In summary, these results indicate that although JUNV is able to activate one of the main signalling pathways responsible for regulation of cap-dependent translation and m7GpppN caps are present at the 5′ ends of the arenavirus mRNAs, virus replication can take place without functional eIF4E. A similar conclusion would also apply for TCRV and PICV.
6. N proteins of JUNV, TCRV and PICV are able to bind to 7 methyl-cap
Previous studies reported the presence of a cavity to bind 7 methyl-cap in the amino terminal extremity of Lassa virus (LASV) nucleoprotein (Qi et al., 2010). According with our results, JUNV is able to multiply under conditions that impair eIF4E functioning. Given that N is present among IP proteins using antibodies against eIF4A and eIF4GI but not eIF4E it could be possible that this viral protein interacts with 7 methyl-cap structures, constituting a translation complex of viral cap-mRNAs. To evaluate this hypothesis, we performed a cap-binding assay using 7 methyl-cap sepharose beads. Lysates of Vero cells mock infected or infected with JUNV were incubated with 7 methyl-cap sepharose beads and, after incubation, fractions bound and unbound to the 7 methyl-cap beads were analysed by SDS-PAGE. Notably, the 7 methyl-cap sepharose beads retained the nucleoprotein of JUNV but not the viral glycoprotein G1 (Fig. 10a). In this fraction the presence of eIF4A and eIF4E was also detected. As control the presence of the non-related proteins Akt and GAPDH were also evaluated and as can be seen both proteins were absent in the fraction bound to the 7 methyl-cap sepharose beads. Similar results were obtained for TCRV and PICV, in which the presence of both nucleoproteins was detected in the 7 methyl-cap bound fraction (Fig. 10b). In all cases, non-specific association of N and beads was discarded (data not shown). Taken together, these results support the notion that arenaviral nucleoproteins are able to associate, either direct or indirectly, to the 7 methyl-cap sepharose beads.

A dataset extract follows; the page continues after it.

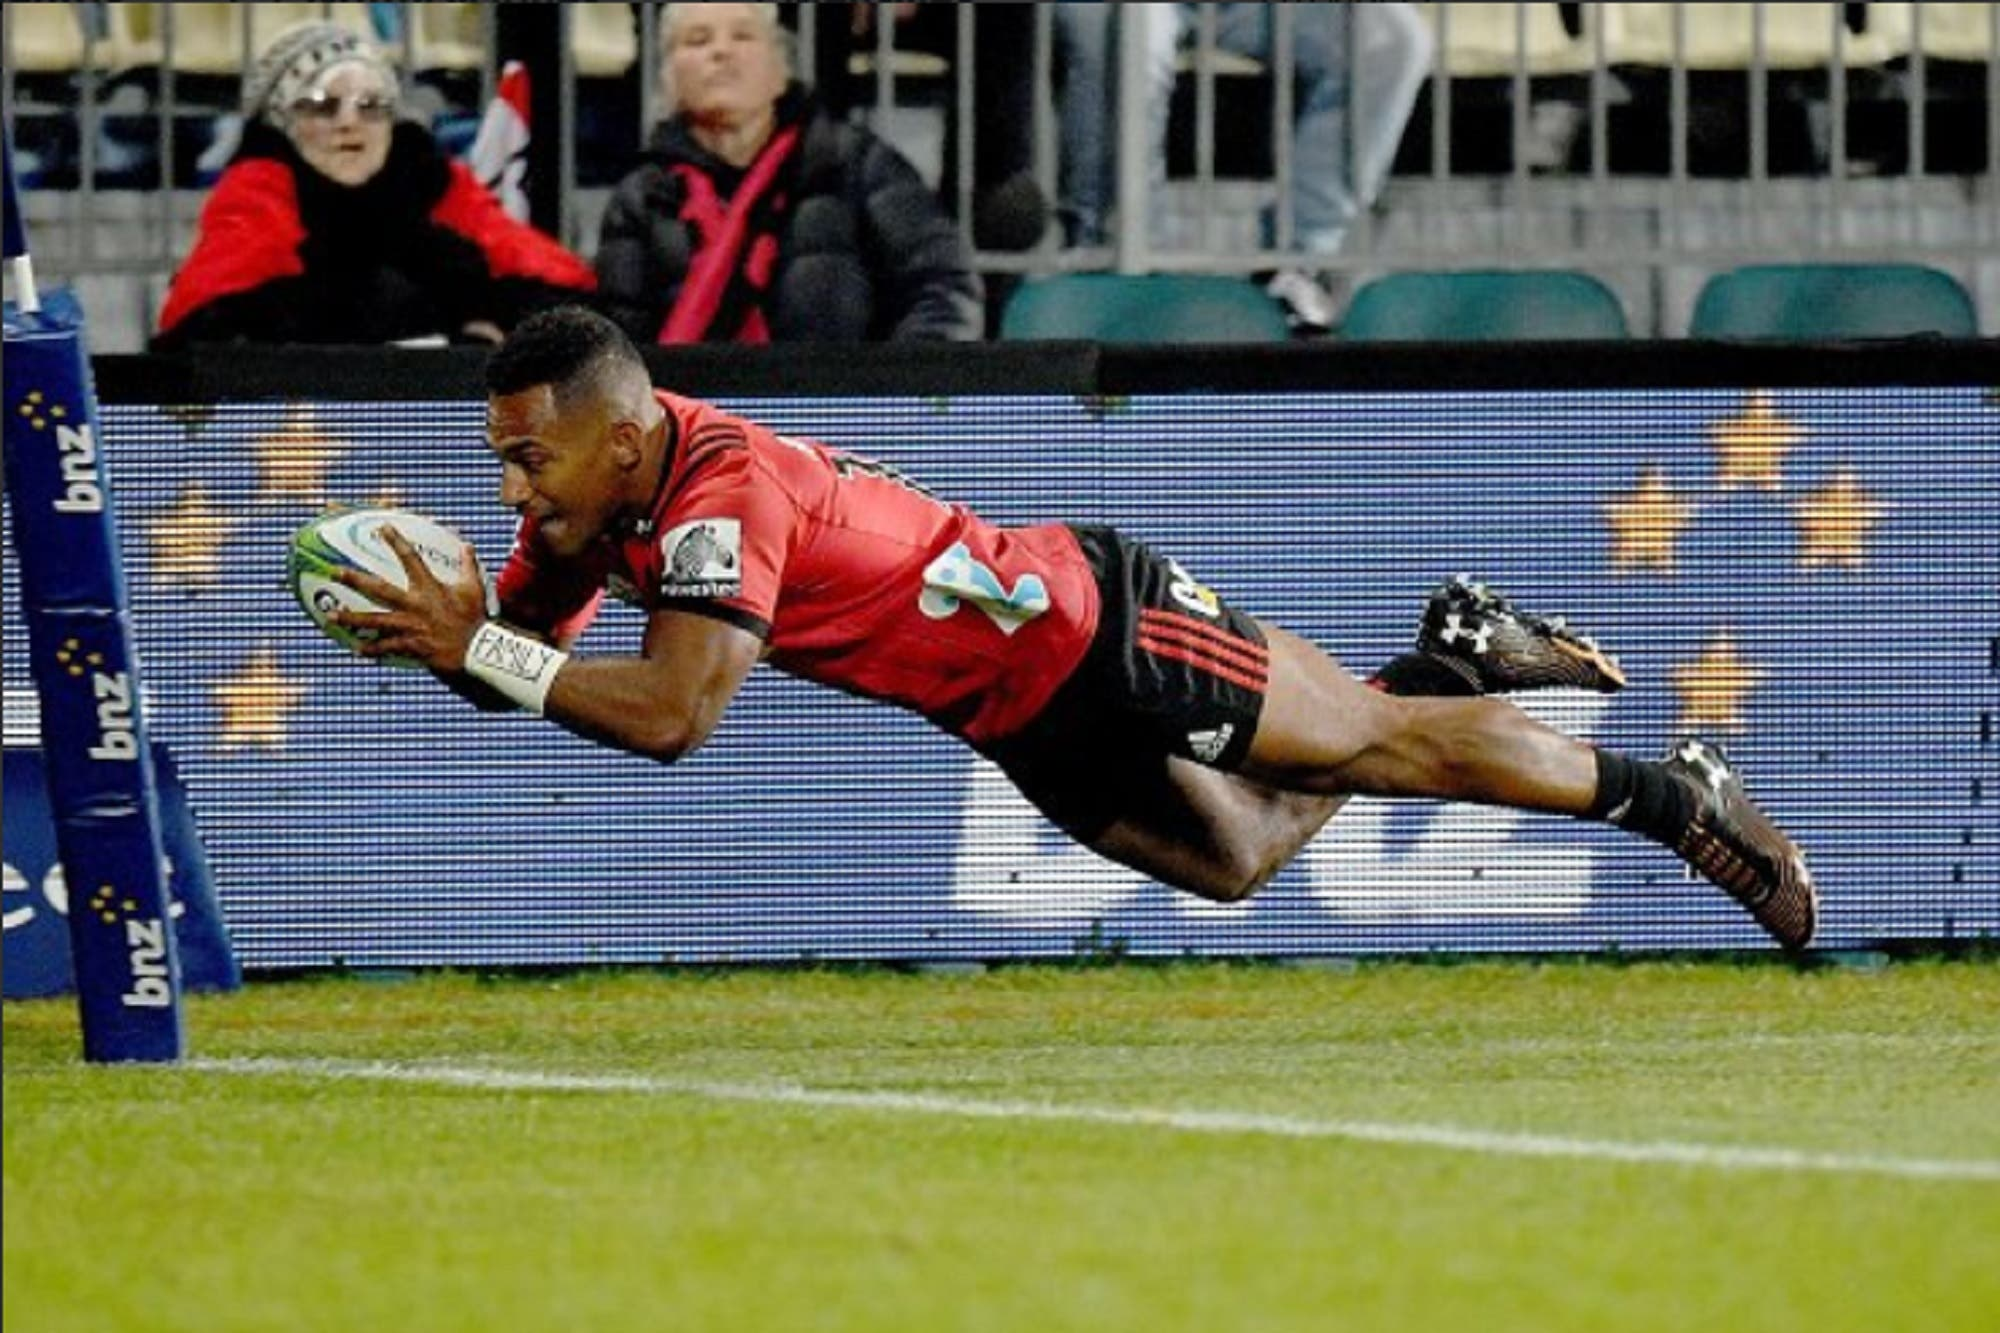 Súper Rugby. Equipos confirmados: así formarán Crusaders y Jaguares en la final

Unveiling the exact mechanisms used by viral mRNAs to be efficiently translated in the infected cells is of great interest to further understand the strategies followed by animal virus replication. In this sense, viral translational reprogramming strategies include a broad range of mechanisms, from the regulation of signalling pathways that control the functional activity of translation factors to the regulation of the availability of these factors either by controlling their synthesis, degradation and/or translocation (Gale et al., 2000).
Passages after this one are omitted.